3. Always have something that you look forward to on the weekend (could be the entire day after your weekly tests), like watching a couple of movies or hanging out with friends. This prevents the much-dreaded monotony set in.
4. After the emergence of MCQs, it is quite vital to study at least the theory papers from nowhere else but the ICAI modules (and for practical papers solve module questions and also use the IPCC practice manuals).
Because any other material however good may lose out on certain MCQs as they try to shorten the things, causing potential loss of about 4–5 marks per theory subject (unless the paper is relatively easy in my case the LAW paper as such, but in other papers, people who relied on other materials did lose out on 12 to 15 easy marks.
5. Preparation of summary notes is quite an important aspect in securing a rank. These help out tremendously in completing the entire revision in those crucial 36 hours. I recommend preparing these for all papers except Audit and EIS/SM for the above-mentioned reasons as shortening the things would make you lose out on certain MCQs. Keep preparing these as and when a chapter is taught or as weekly tests or such are conducted, please ensure at least 40% to 50% of it is prepared before the preparation leave.
6. What I cannot emphasize enough is taking TESTS, be it the ones conducted in your classes or some paid up test series. It trains you how to deal in under stressful situations resembling your actual exams (works only if you take it diligently and not just for the sake of taking it.)
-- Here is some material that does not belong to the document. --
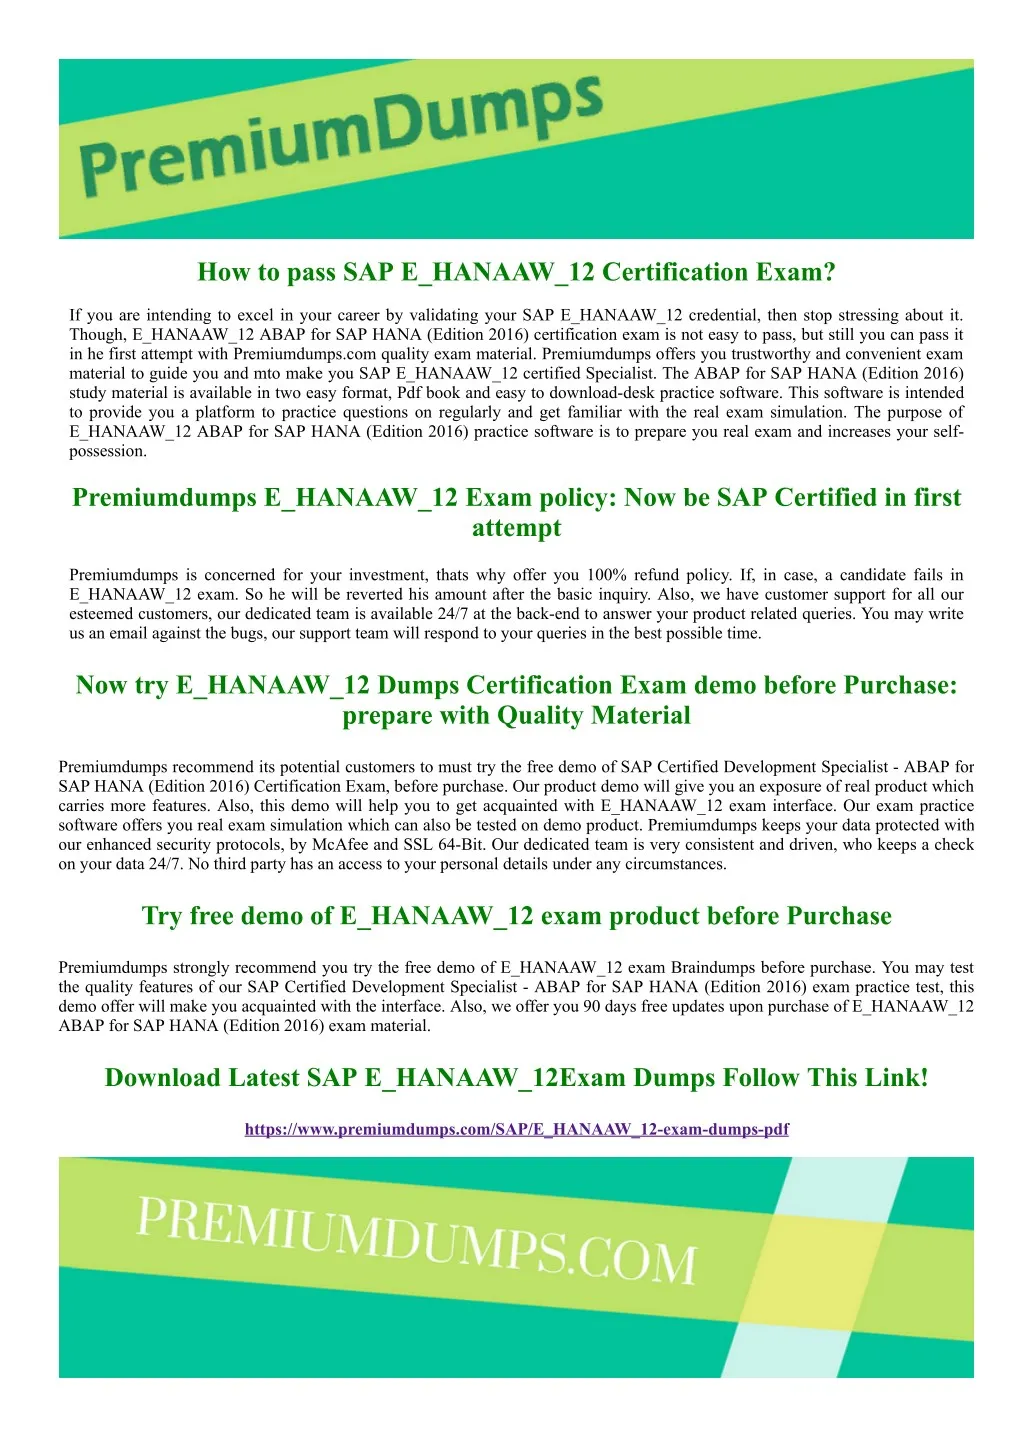 how to pass sap e hanaaw 12 certification exam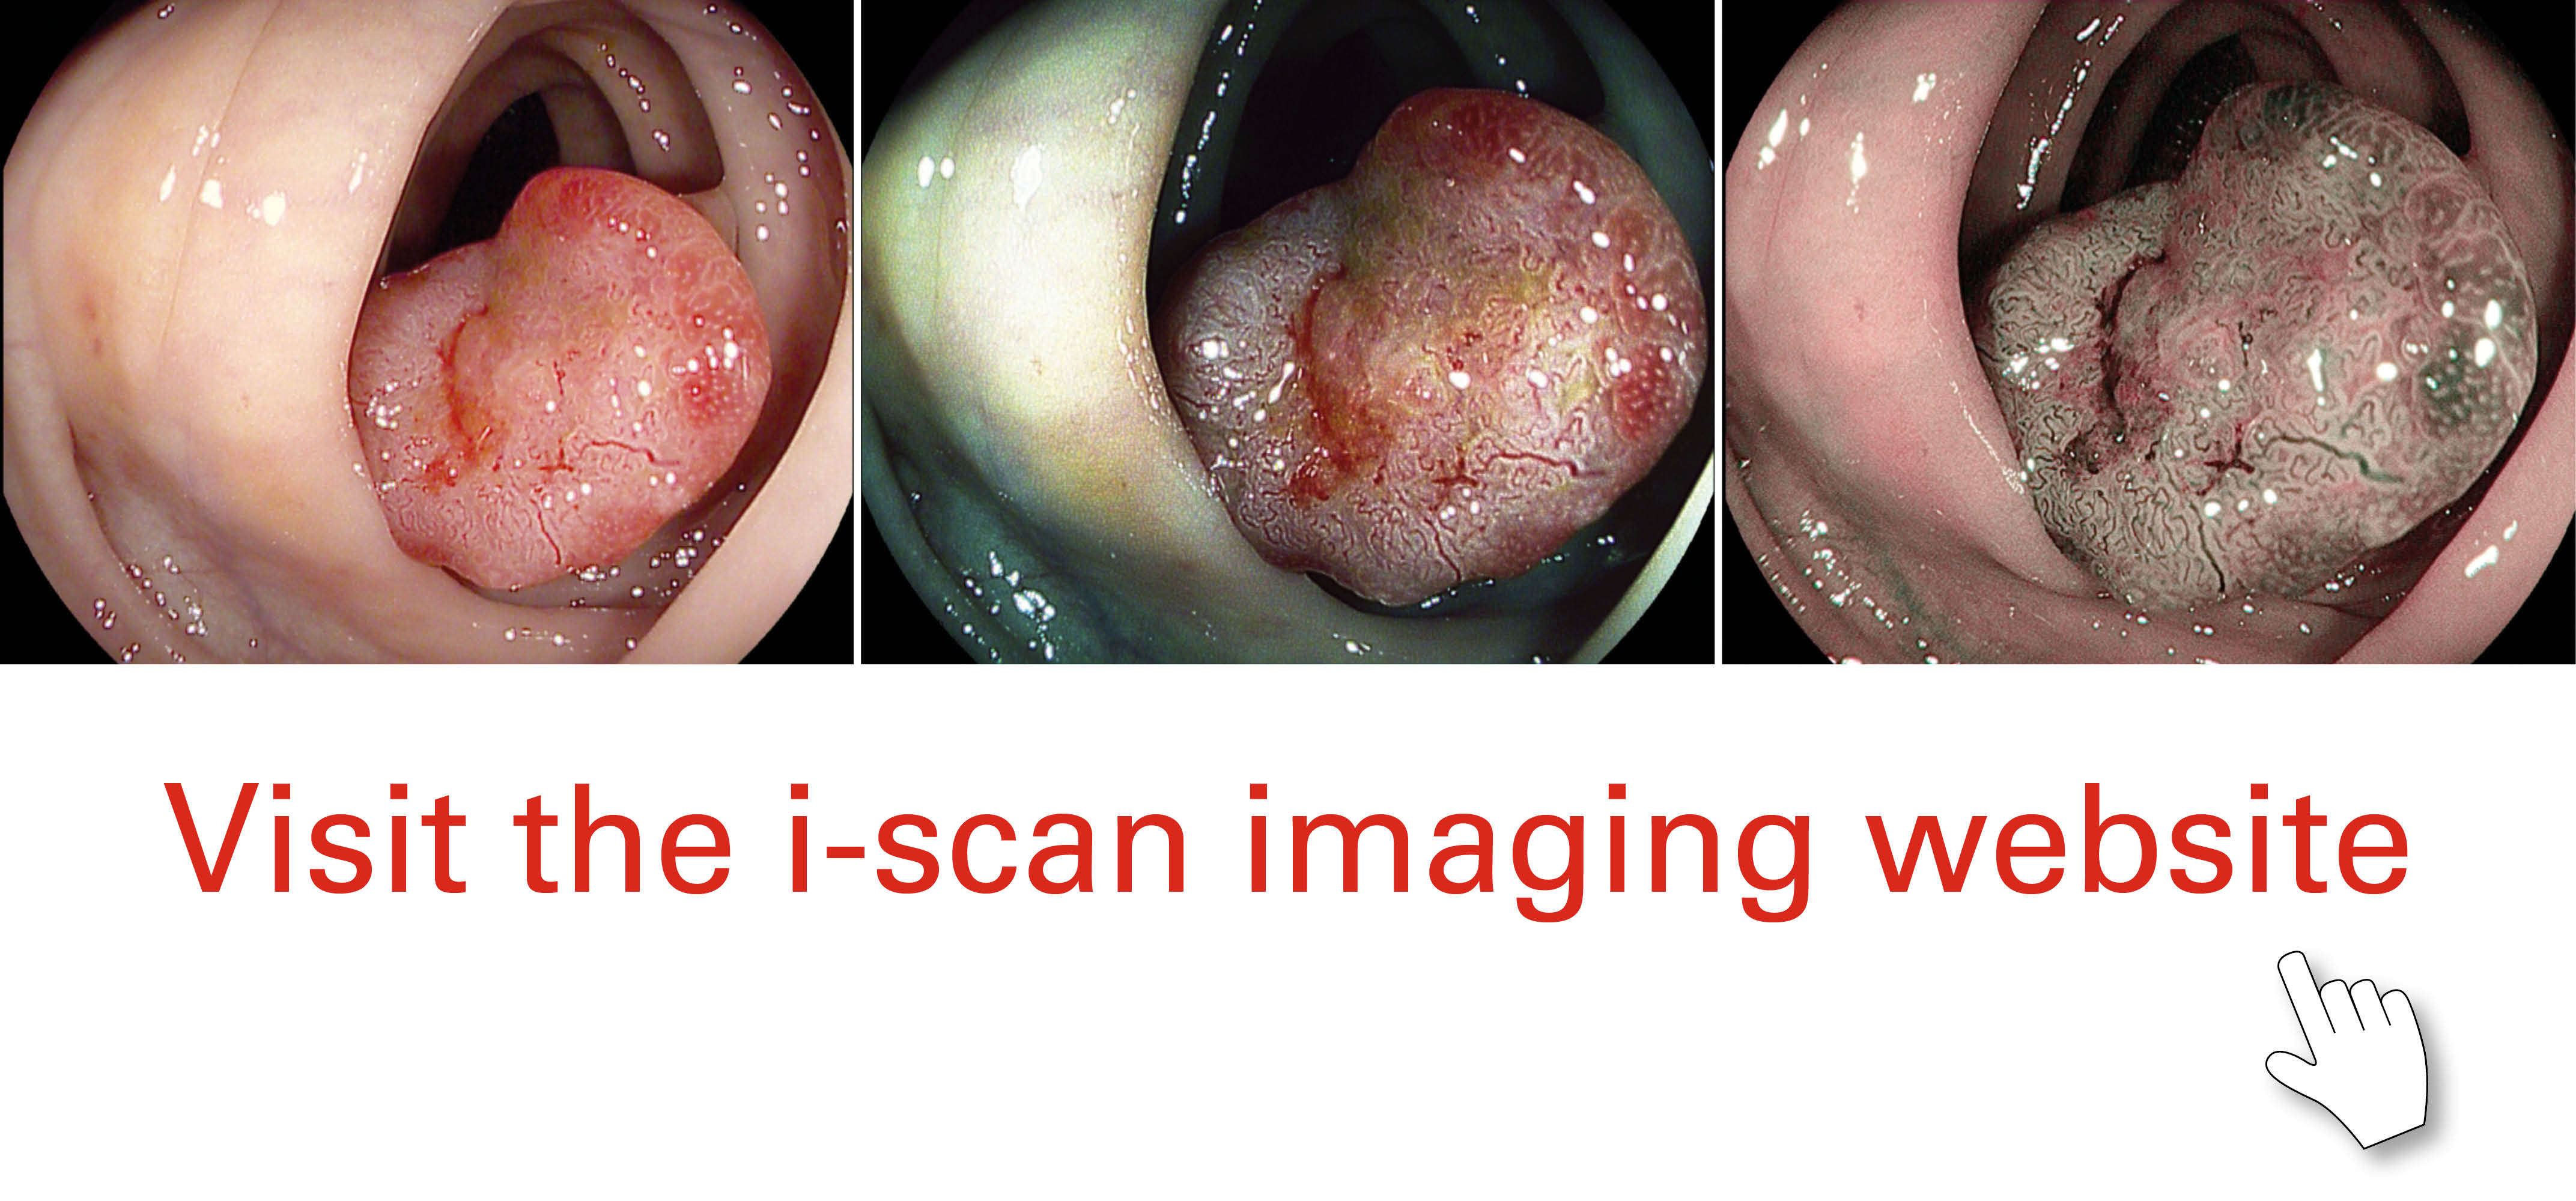 Visit the i-scan imaging website

7. Keep a growth mindset and don’t give up when you commit mistakes (again where tests come in handy, better flunk in these than the real exams), I have learned most of my direct taxes by committing mistakes and ensuring those are not repeated again. Always keep a track of all your progress, weaknesses and strengths, never be in ambiguity about any of it.
8. Finally, always be consistent in your studies I had, not exactly a rigid time table, but rather a task tables that states the tasks to be undertaken for the day, that I abided by from the beginning till about 20 days before the exam. It is obvious that one cant study the same amount every day, there may be ups and downs, but the trick is to cover up in the subsequent days by extending your time.
5. Studying Consistently
Here's my time table, during the 3-month preparation leave:
Wake up. Take 20 minutes to brush off your morning blues and freshen up (alternate day bathing gang assemble!!)
4:20 A.M. - 7:45 A.M.
First session. A break of 5–7 minutes after every hour. It isn’t quite rigid, as what I suggest to follow (but to each his own) is the Flow State of Studying, wherein you study as and when you like it without having a constant time table to follow. The first break till 8:15 a.m.
In this break, go for a run, do some push-ups, exercise a little, because the day’s gonna be a little longer and you have to have some physical exercises.
Then the next session of studying till 12 noon.
Then a break till 1:15 P.M. Have your lunch, fit in a 30-minute nap somewhere in the middle of the break.
Then carry on with little breaks, till 7 in the evening and then a big break( relatively) till about 7:30 p.m.
Then the final stretch 9 in the night and slept by 9:45/10:00 p.m.
This accounts for about 12/13 hours a day, in the most crucial month of my preparations, I cut down a little on the breaks and managed 14 hours a day.
Don't expect to hit this on the first day, scratch that, don't expect this to happen in the first week too. But continue doing it as much as you can. A couple of tips that I found helpful.
1. What I cannot emphasize enough on is taking 5 to 7 minutes (more if your daily target is just 8 to 10 hours of studying) breaks after every hour of studying and a longer break after every third hour (an alternate of the much-acclaimed POMODORO technique). This will keep you lively for a longer period of time.